1Mineral premix: Mn, 80 mg; Zn, 84.5 mg; Fe, 80 mg; Cu, 5 mg; I, 1.0 mg; Co, 0.48 mg; Se, 0.30 mg/kg of diet. Vitamin premix: Vitamin A, 11,000 IU (retinol); Vitamin D3, 3,000 IU; Vitamin E, 50 mg (DL-α-tocopheryl acetate); Vitamin K3, 5 mg; tiamin, 2 mg; Riboflavin, 8 mg; calcium pantothenate, 12.40 mg; niacin, 50 mg; pyridoxine, 7 mg; pholic acid, 2mg; Vitamin B12, 1.60 mg; biotin, 5 mg; choline chloride, 1,100 mg; antioxidant, 100 mg/kg of diet.
2.3. Serum Enzyme Activity
At day one and the end of trail (42 days of age), 10 birds per treatment were selected for blood sampling (2-3mL/bird). Blood samples of day old chickens were taken directly from the heart and for 42-day-old chickens were taken from brachial vein to measure serum concentration of hepatic enzymes of AST, ALT, CAT, and SOD [8, 15]. Blood samples were transferred to tubes and kept at room temperature to clot. Blood samples were then centrifuged at 2,500 × g for 10 min at 4°C to separate the impurity of the samples. The separated serum samples were measured using commercial kits (Sigma-Aldrich Co., St. Louis, MO, USA) and a spectrophotometer according to a colorimetric method .
2.4. Immunological Assay
Chickens were vaccinated with Newcastle Disease (ND), Avian Influenza (AI), and Infectious Bronchitis (IB) at age of 21 and 35 days according to local veterinarian recommendations schedule in order to challenge the immunity system of chickens. Four birds from each replicate were randomly selected and blood samples were taken from wing vein on 28 and 42 days of age (7 days after challenging by vaccine). Serum was separated by centrifugation of coagulated blood at 3000 r/min for 15 min. Antibodies titration against ND, AI, and IB diseases was performed using ELISA by specific kits of OVATEC® Plus, SERELISA® Rabies (Synbiotics, USA), and BIA-CK® 121 (Biochek, Netherlands), respectively.

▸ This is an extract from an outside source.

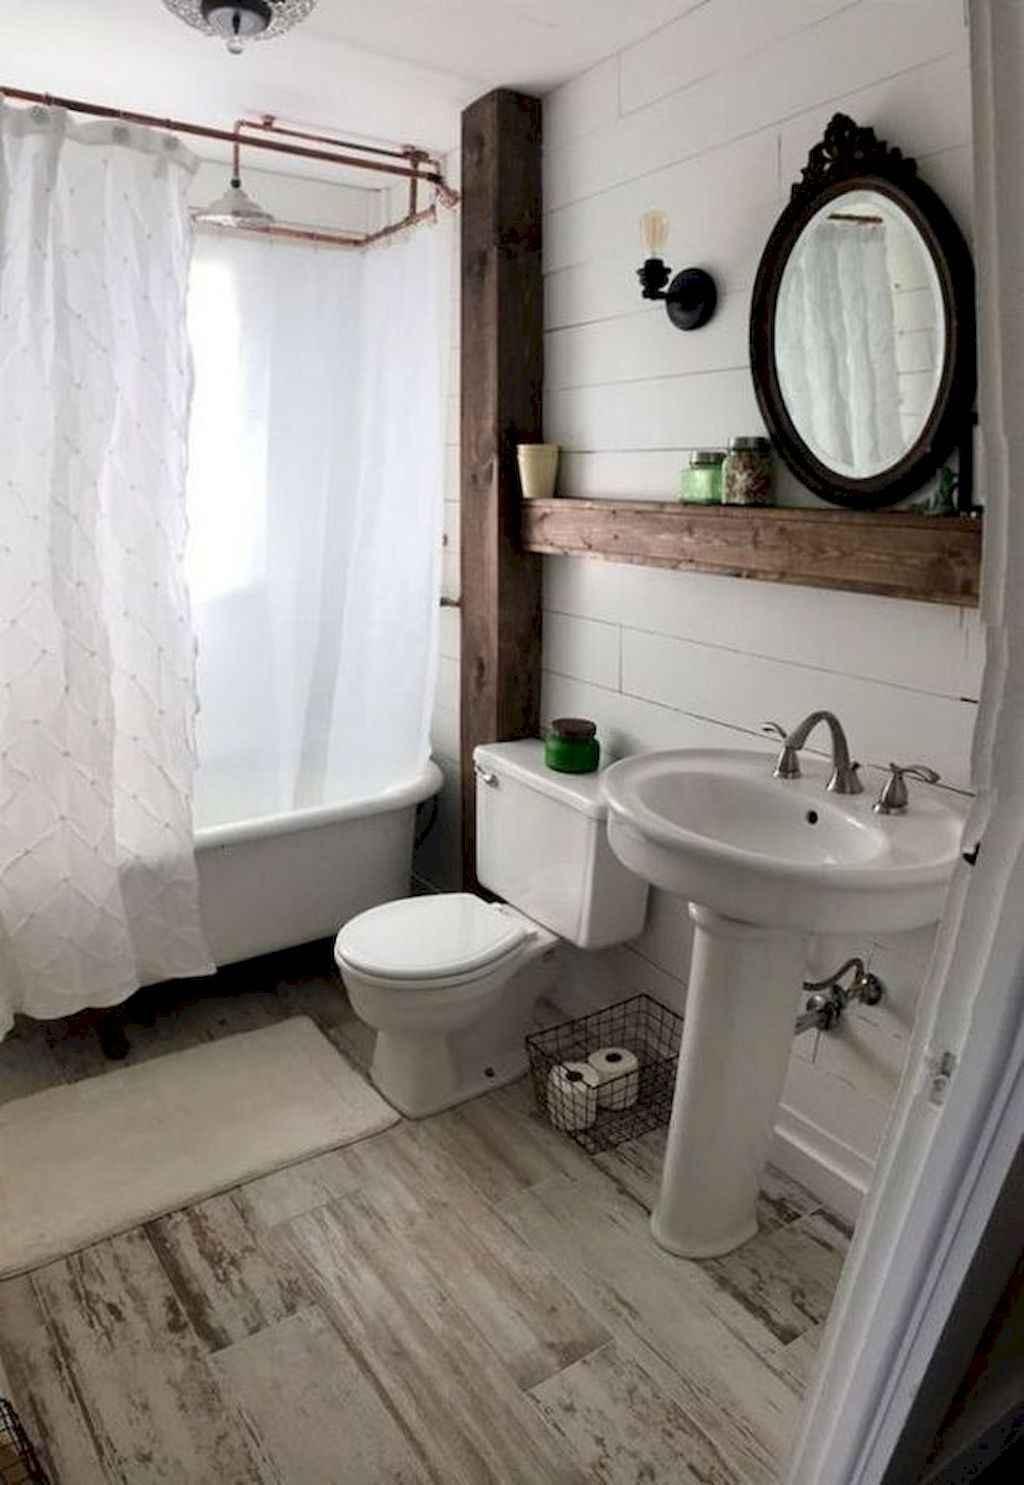 Rustic Farmhouse Master Bathroom Remodel Ideas 53 Homespecially

2.5. Ethical Consideration
As previously described, the experimental procedure of this study was approved by the Institutional Animal Care and Use Committee of Qom’s Agriculture Research Center. Meanwhile, all the methods used for experimental birds in this study were ethically approved by Ethical Review Committee of Public Health College and Medical Sciences of Qom University , Qom, Iran. Detailed experimentation procedures in birds as described in this manual for animal handling and treatment guidelines were carefully followed.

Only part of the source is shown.